Tuesday, November 23, 2010

BGP Adjacency - Spot The Error

A couple of years ago I configured a topology for a business partner extranet much like the one sketched below.

No dynamic routing was allowed on the firewall.  Layer 9 didn't trust it to run an IGP, so the firewall was configured with static routes:
 - Known internal nets (registered and 1918 space) pointed in
 - Default route pointed out

Two eBGP sessions were configured to learn business partner prefixes (not shown) from the external switch, and redistribute them into the IGP.  It was a small number of prefixes, and they were thoroughly filtered and quantity-limited, making things safe for the IGP.

But it didn't work correctly:  Only one BGP session could be brought up at a time, but never both at once.

The cause of the error took me more hours of head-scratching than I care to admit.  In my defense, the topology was actually quite a bit more complicated than depicted here.  Presented here is the bare minimum required to recreate the problem.

The problem was neither a firewall policy issue, nor a typo.  Any typos here are just typos.

Can you spot my mistake?  Which session comes up, and what's wrong with the other one?


  1. Remote AS number is incorrect.

  2. This comment has been removed by the author.

  3. Remote AS number fixed. The problem lies elsewhere.

  4. Running HSRP? Which is active/passive. You can't create a BGP session with the standby router?

  5. ebgp multihop should be 3

  6. I'm guessing it has something to do with your HSRP setup on on vlan20 on both internal routers. The default route on the firewall for internal subnets points to ~20.1, which is the HSRP virtual IP, and that IP only maps to one of the routers at a time. Since BGP is using loopbacks for src/dest IPs, the path to both internal routers will head through default route ~20.1. I bet the firewall drops the traffic to one of the routers because the incoming and outgoing traffic to it are using different interfaces (asymmetric). Removing HSRP should fix it.

  7. Removing HSRP isn't an option: The firewall doesn't run a routing protocol, so some FHRP is required.

    The firewall isn't dropping any packets.

  8. Is it not the ebgp multihop either? Very curious on the answer to this.

  9. The problem was a combination of HSRP and eBGP multihop.

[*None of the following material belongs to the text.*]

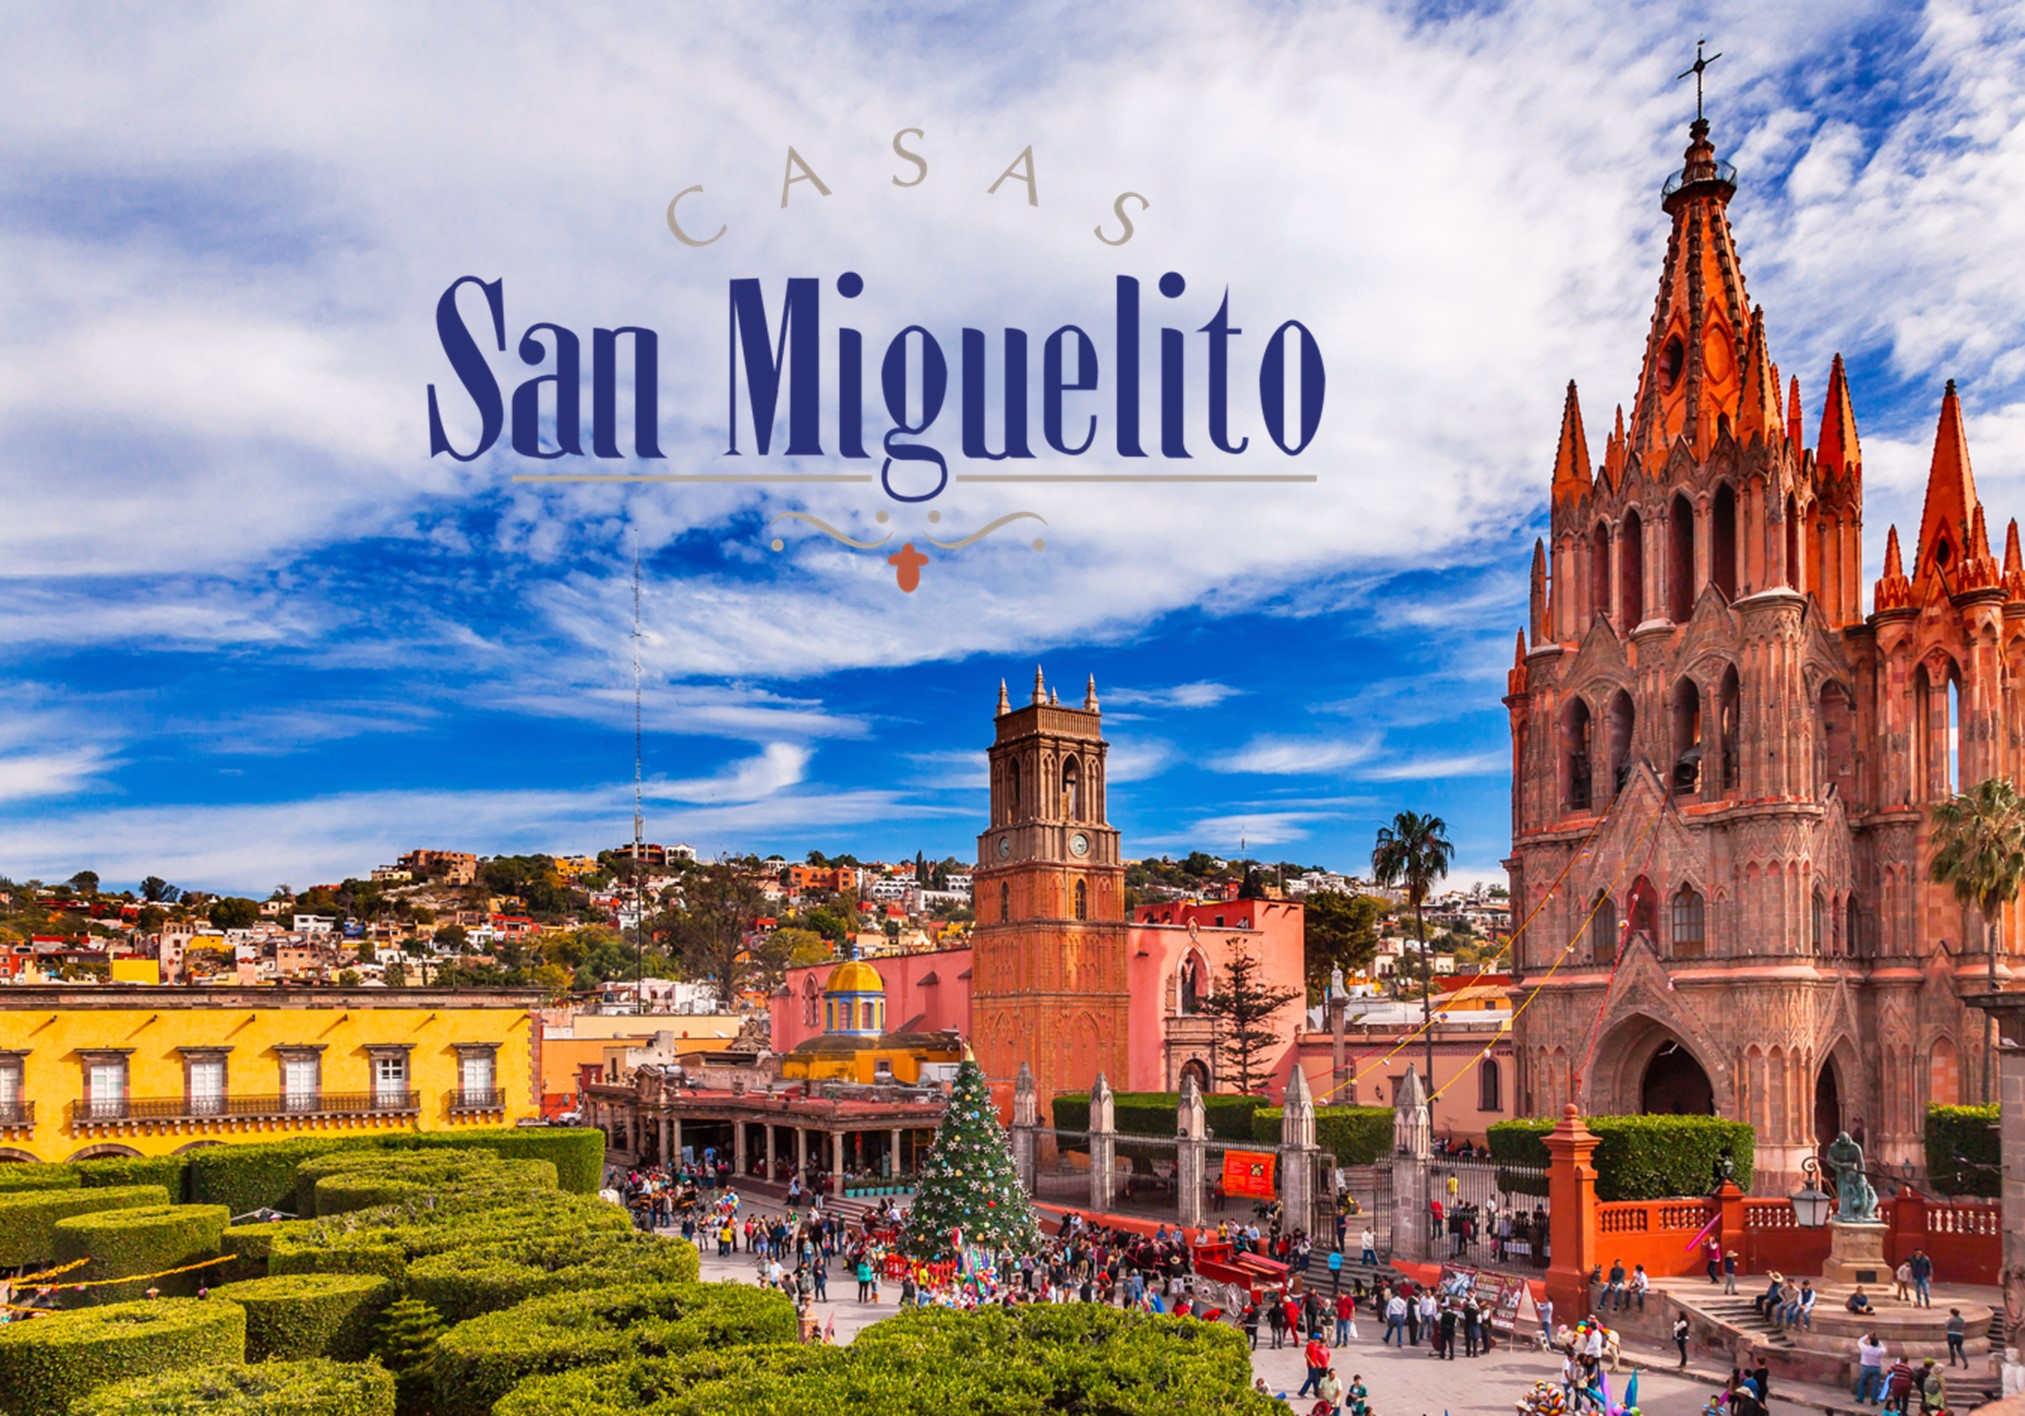 Casas San Miguelito: empresa comprometida con los sanmiguelenses -  Industrias México

    Because of the firewall's routes pointing at the HSRP address, one of the internal routers was 3 hops away (in the inbound direction only):

    A -> external: 2 hops
    B -> external: 2 hops
    external -> HSRP primary: 2 hops
    external -> HSRP secondary: 3 hops

    I fixed this by adding 32-bit routes on the firewall: -> ->

    Routing traffic from the VLAN 20 (or 30) interface to the Lo0 interface doesn't count as a hop, so "multihop 2" is sufficient so long as we're not taking the *extra* hop across VLAN 10.

  10. I would also have been concerned about BGP through the firewall. Certain firewalls may randomise the TCP Sequence number which breaks BGP. (e.g. Cisco ASA).

  11. Hey Greg, thanks for your comment.

    These were ScreenOS boxes. I don't know if they play games with the TCP ISN, but I didn't have any problems in that regard.

    Either way, I /think/ that the ISN randomization is only an issue if MD5 authentication is configured between the neighbors.

    I'm not completely sure about that, but can't see how else the BGP session would notice ISN games played by an intermediate device.

  12. Chris,

    Great blog; I've enjoyed reading through your archives. The problem you describe here is also present when you use 'vpc peer-gateway' on the firewall-facing VLAN. Not that this has much to do with your issue here; just an FYI.

    Jeremy Filliben

    1. Hey Jeremy, thank you for the compliment.

      Does 'vpc peer-gateway' decrement TTL when bridging through the "wrong" Nexus 7K?

      Maybe that's not what you meant.